Maybe one of our resident Liberals, like Bernard or Mike Geoghegan can fill in some of the details here. After all, they too know all about making a successful transition from NDP to Liberal ranks.

Never having been a New Democrat ( or federal Liberal), I would have no idea what that sort of a transition would be like

"...early as 1995 and 1996 Ujjal Dosanjh was conducting meetings with both Brian Tobin and Paul Martin on the topic of his joining the National Liberal Party. Why?" asks Budd.
Most of us can remember why. It was because his "Leader", Premier Clark had just run on a lie about balancing the budget and was under investigation by the RCMP. The budget lie was soon exposed, but Dosanjh was constrained by his oath of office to keep the RCMP investigation secret, especially from Cabinet. When the Crown had enough evidence to recommend charges, Dosanjh informed Clark and explained that the Premier must resign while under investigation. Clark (and a cabal of die-hard loyalists, most of whom still lurk on the fringes of the NDP) refused for over a year. Eventually the "real Premier" Brother Georgetti made the same phone call to Clark that he had made to Harcourt a few years previously. Something along the lines of "Look, your poll numbers are in the single digits (lower than any politician ever, anywhere), the Americans still aren't satisfied (they want a total wipe-out in the Legislature, no token Opposition, the whole 9 yards), you couldn't get elected to Burnaby Parks Board even if we paid every voter. It's time to go. Don't worry about money, I talked to Pattison. You'll be taken care of. That was the deal all along anyway, right? Listen, I gotta go, Ujjal's holding on the other line. I'll fax you a copy of your resignation speech. Talk to you soon". Click.

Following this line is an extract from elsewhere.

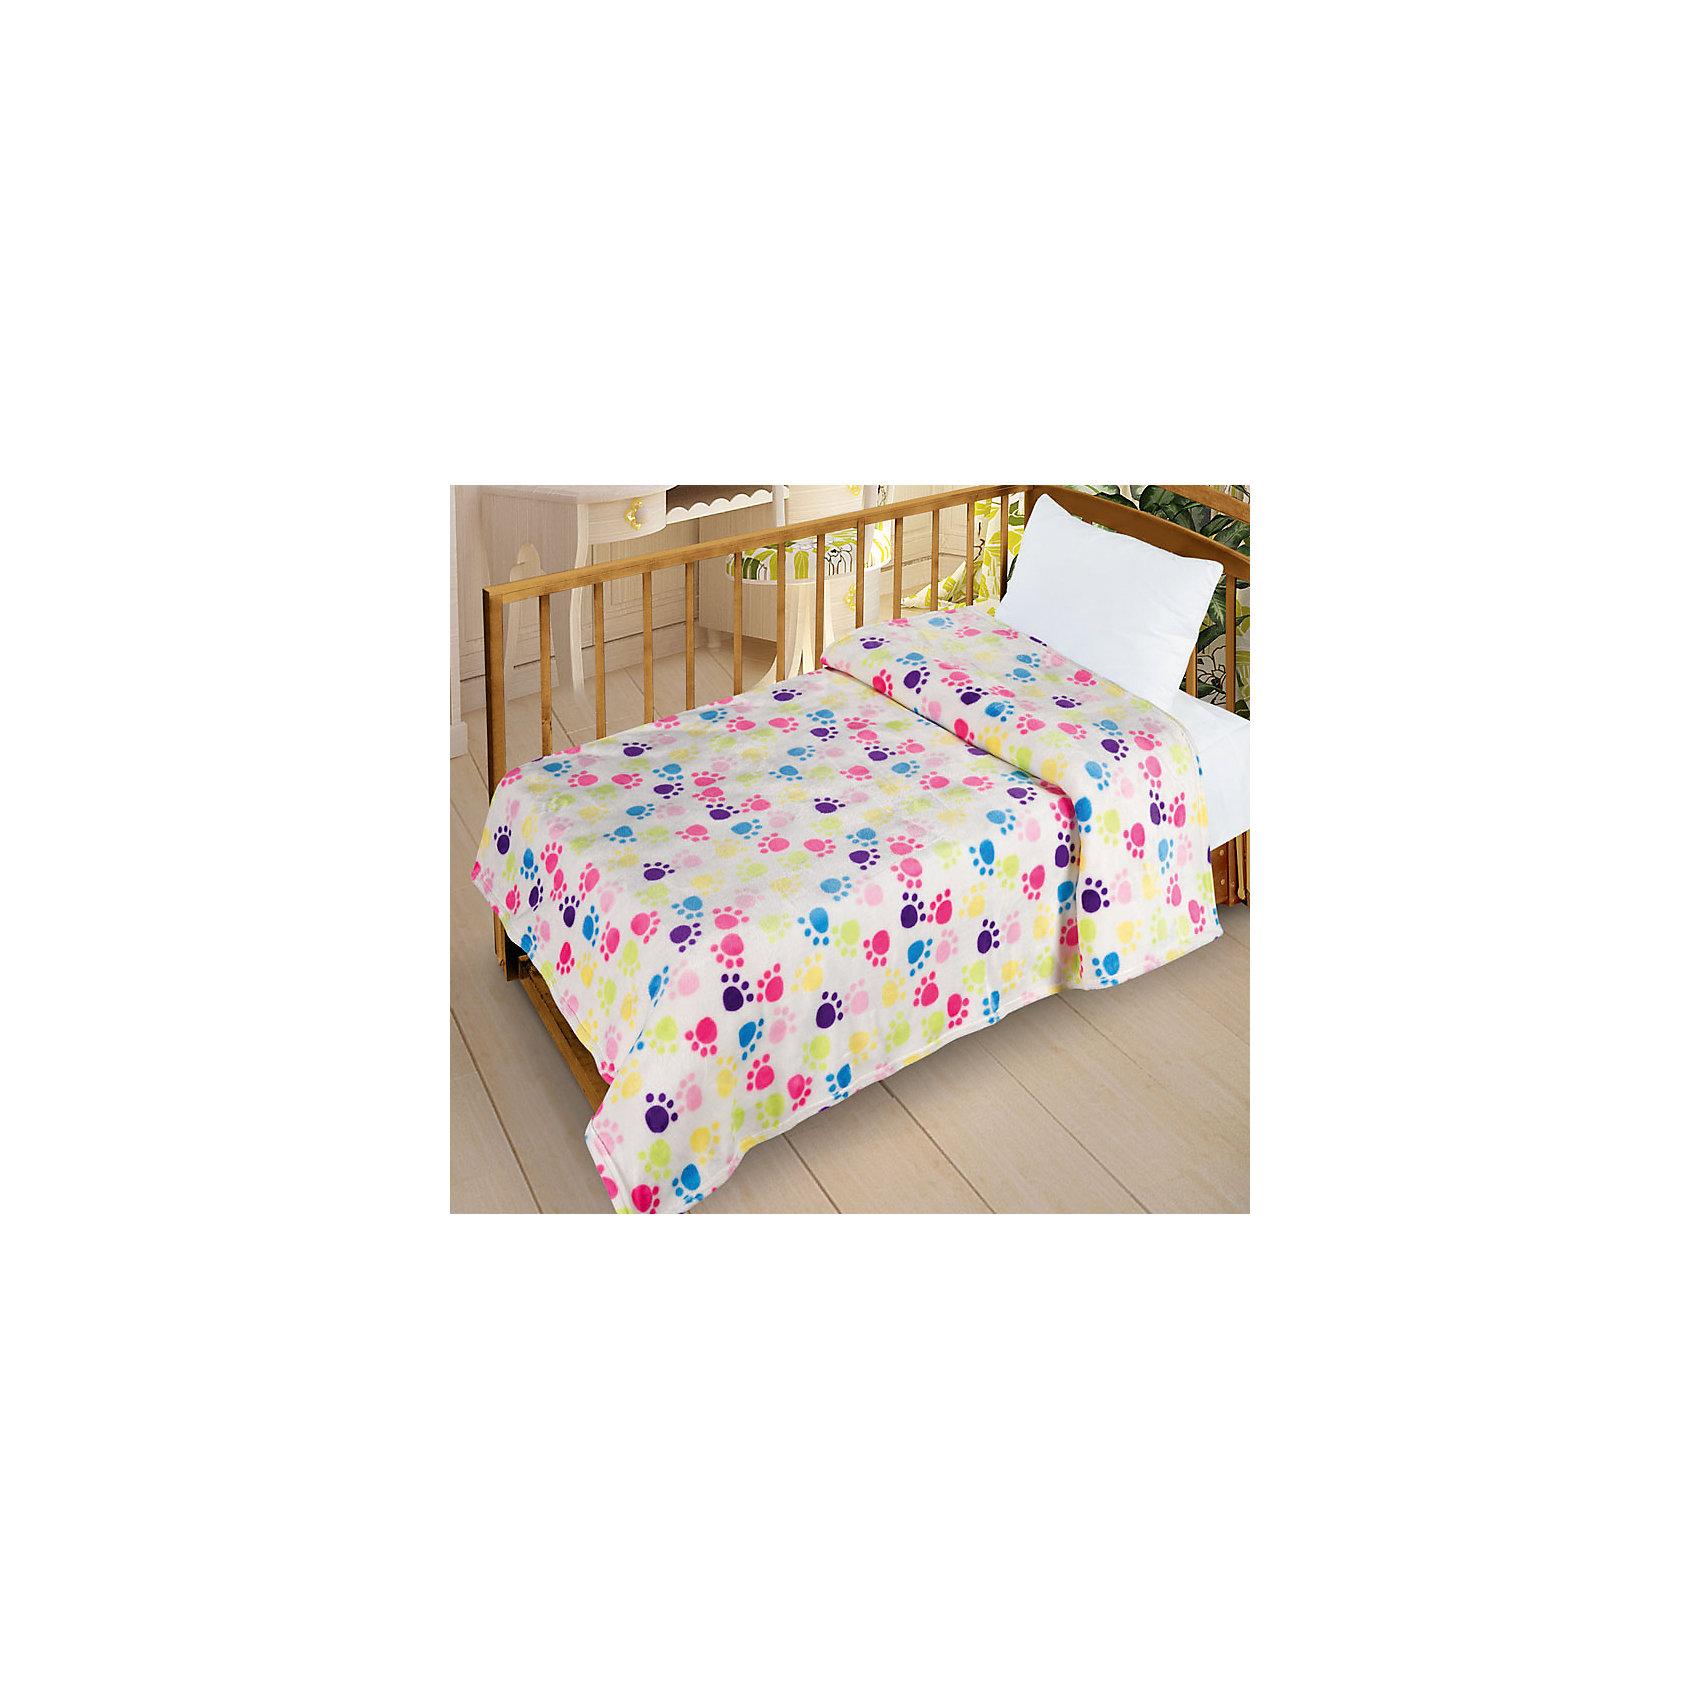 Letto Плед  Велсофт-беби в кроватку VB07, 95х130 балдахин на детскую кроватку купить в пензе

The reason Ujjal Dosanjh didn't like Glen Clark is Glen Clark represented the hard-line leftist who were sub-serviant to big labour. The NDP has put up moderates like Mike Harcourt, Carole James, and Ujjal Dosanjh to try and appeal to centrist voters, but the reality is big labour still pulls all the strings and those that don't pander to big labour get pushed aside. Mike Harcourt was ultimately pushed by the hard-liners. With Carole James either she will move radically to the left making the party unelectable or the hard-liners will push her out. Either way, the BC NDP doesn't deserve to have another chance at gaining power. I certainly welcome moderates of the BC NDP joining the federal Liberals. In fact I would have no objections if they joined the BC Liberals. I think it is a great a party like the BC Liberals can bring diverse people ranging from Kevin Falcon and Rich Coleman on the right to people like Wally Oppal and Carole Taylor on the left. This shows they are diverse party representing the diversity of the province. Unlike others, I see nothing wrong with crossing the floor. Voters change their votes from election to election, so why can't politicians. People's views change as well as parties change through time. Red Tories like Joe Clark who support the Liberals over the Tories aren't turncoats. They still hold the same values as before, it is simply that the new Conservatives no longer represent their values so their party has left them, not them leaving their party.